Top of RECORDS SUPPLIED

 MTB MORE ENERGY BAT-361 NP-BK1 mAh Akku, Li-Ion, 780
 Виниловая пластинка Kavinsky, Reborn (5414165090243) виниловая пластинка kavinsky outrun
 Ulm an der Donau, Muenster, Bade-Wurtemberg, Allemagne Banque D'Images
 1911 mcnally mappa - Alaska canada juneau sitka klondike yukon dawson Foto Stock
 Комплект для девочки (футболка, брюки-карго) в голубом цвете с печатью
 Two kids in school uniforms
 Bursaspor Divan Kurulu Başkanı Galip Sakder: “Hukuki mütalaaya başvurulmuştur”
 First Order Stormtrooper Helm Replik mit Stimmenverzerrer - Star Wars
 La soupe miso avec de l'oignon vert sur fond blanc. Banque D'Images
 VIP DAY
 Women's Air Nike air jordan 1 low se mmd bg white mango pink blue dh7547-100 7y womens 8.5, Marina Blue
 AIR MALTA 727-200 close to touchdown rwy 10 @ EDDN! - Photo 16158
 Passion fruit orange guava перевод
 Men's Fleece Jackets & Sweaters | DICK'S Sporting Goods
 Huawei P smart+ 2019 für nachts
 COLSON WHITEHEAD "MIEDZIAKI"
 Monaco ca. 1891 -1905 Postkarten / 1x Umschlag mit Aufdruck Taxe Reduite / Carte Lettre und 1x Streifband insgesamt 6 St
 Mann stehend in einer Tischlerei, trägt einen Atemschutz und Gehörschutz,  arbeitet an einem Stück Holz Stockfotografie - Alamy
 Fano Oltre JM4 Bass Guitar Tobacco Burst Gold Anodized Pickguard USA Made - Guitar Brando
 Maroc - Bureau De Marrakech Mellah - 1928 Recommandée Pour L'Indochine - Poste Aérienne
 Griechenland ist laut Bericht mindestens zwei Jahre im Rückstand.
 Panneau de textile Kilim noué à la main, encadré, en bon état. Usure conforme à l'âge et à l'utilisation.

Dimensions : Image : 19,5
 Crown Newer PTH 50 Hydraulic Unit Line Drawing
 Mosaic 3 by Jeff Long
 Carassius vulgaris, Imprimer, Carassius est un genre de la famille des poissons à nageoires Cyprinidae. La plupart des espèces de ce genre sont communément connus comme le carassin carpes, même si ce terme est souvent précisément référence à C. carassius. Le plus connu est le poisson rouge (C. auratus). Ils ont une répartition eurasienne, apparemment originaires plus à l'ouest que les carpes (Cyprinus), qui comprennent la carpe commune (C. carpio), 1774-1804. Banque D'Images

Bottom of RECORDS SUPPLIED

> _THE PROBLEM_: Which lines above contain the word "Images"? Copy all of them.

> _RESPONSE FOR THIS EXERCISE_:
 Ulm an der Donau, Muenster, Bade-Wurtemberg, Allemagne Banque D'Images
 La soupe miso avec de l'oignon vert sur fond blanc. Banque D'Images
 Carassius vulgaris, Imprimer, Carassius est un genre de la famille des poissons à nageoires Cyprinidae. La plupart des espèces de ce genre sont communément connus comme le carassin carpes, même si ce terme est souvent précisément référence à C. carassius. Le plus connu est le poisson rouge (C. auratus). Ils ont une répartition eurasienne, apparemment originaires plus à l'ouest que les carpes (Cyprinus), qui comprennent la carpe commune (C. carpio), 1774-1804. Banque D'Images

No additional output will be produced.